Ethnicities were 93.3% European/Pākehā, 9.1% Māori, 1.3% Pasifika, 2.0% Asian, and 2.4% other ethnicities. People may identify with more than one ethnicity.

The percentage of people born overseas was 12.8, compared with 27.1% nationally.

Although some people chose not to answer the census's question about religious affiliation, 57.9% had no religion, 35.4% were Christian, 0.3% were Hindu and 1.7% had other religions.
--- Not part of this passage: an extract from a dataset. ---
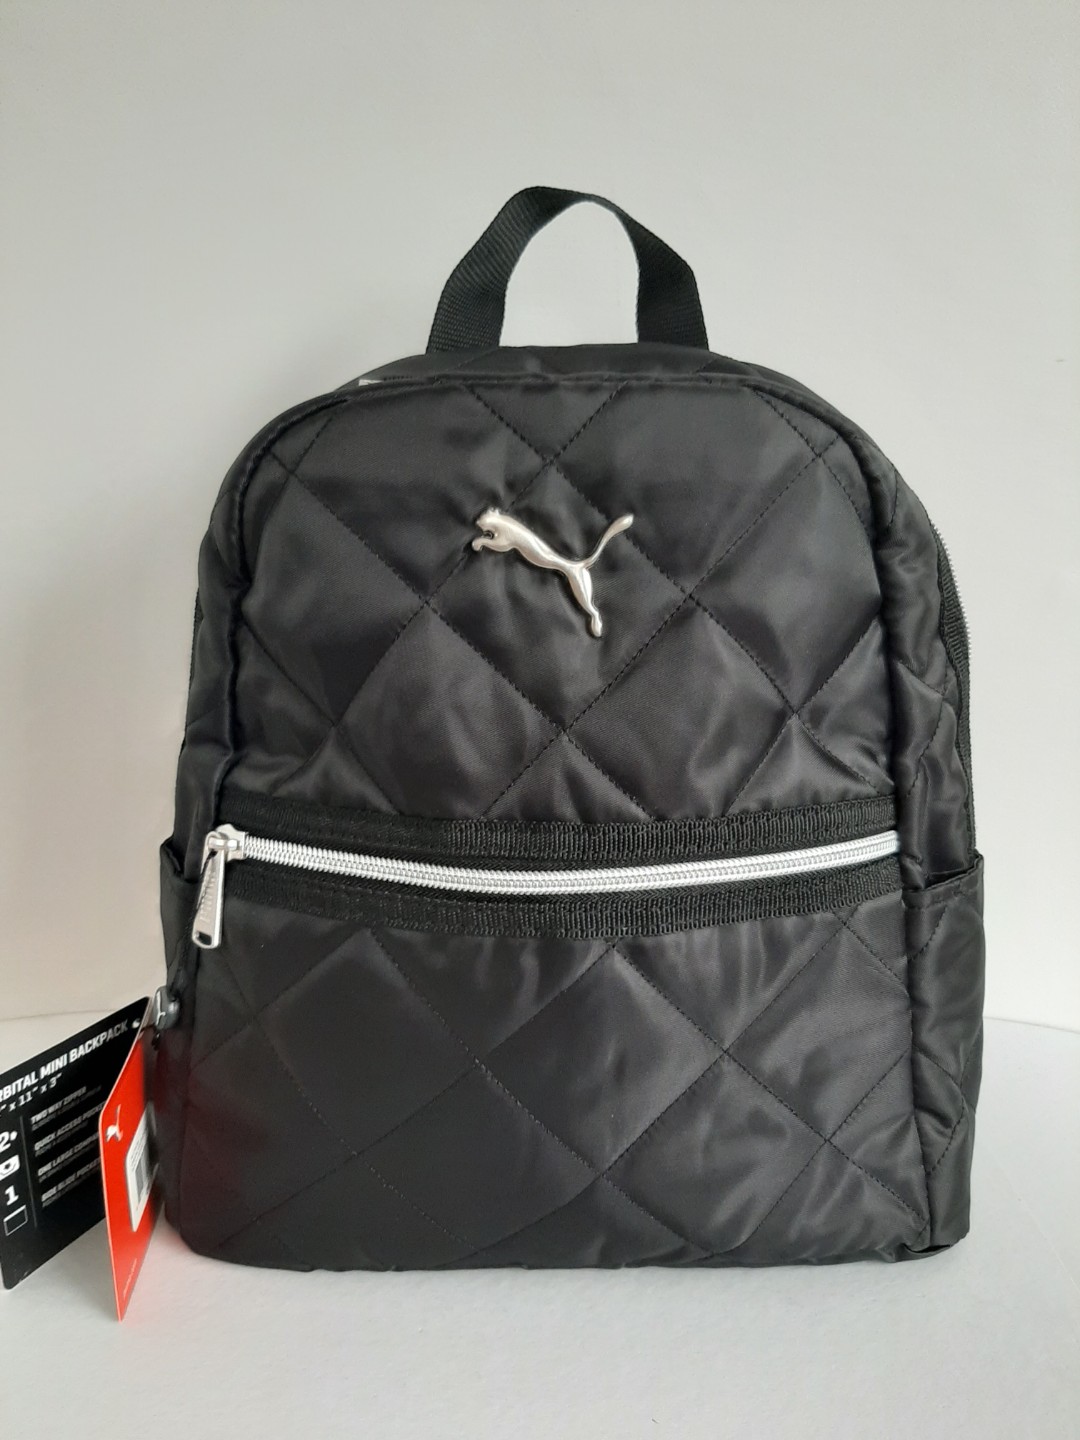 puma orbital mini backpack

Of those at least 15 years old, 135 (18.5%) people had a bachelor's or higher degree, and 150 (20.6%) people had no formal qualifications. The median income was $38,700, compared with $31,800 nationally. 153 people (21.0%) earned over $70,000 compared to 17.2% nationally. The employment status of those at least 15 was that 408 (56.0%) people were employed full-time, 120 (16.5%) were part-time, and 9 (1.2%) were unemployed.

== Notable residents ==

- Brian J. Anderton (ONZM) - New Zealand Racing Hall of Fame jockey, trainer, and breeder. Biography published 2013.
- Hector A. Anderton - Three-time champion horse trainer. (Father of Brian)
- Midge Didham - 1970 Melbourne Cup winning jockey (Baghdad Note)
- Bob Heasley - Winning trainer, 1970 Melbourne Cup with (Baghdad Note)
- Show Gate - New Zealand Horse of the Year 1975 and 1977 (First dual winner of this title) - won 30 of her 51 starts.Bred and owned by Gordon Thomson who lived in Janefield, Wingatui
- R.J. (Bob) Skelton MBE - Premiership winning jockey, nine times. Melbourne Cup winner on Van der Hum. Rode Great Sensation to 3 consecutive Wellington Cup wins. New Zealand Sports Hall of Fame inductee, and New Zealand Racing Hall of Fame member. Resident Jockey at stables of Hector A Anderton. Became Anderton's son-in-law.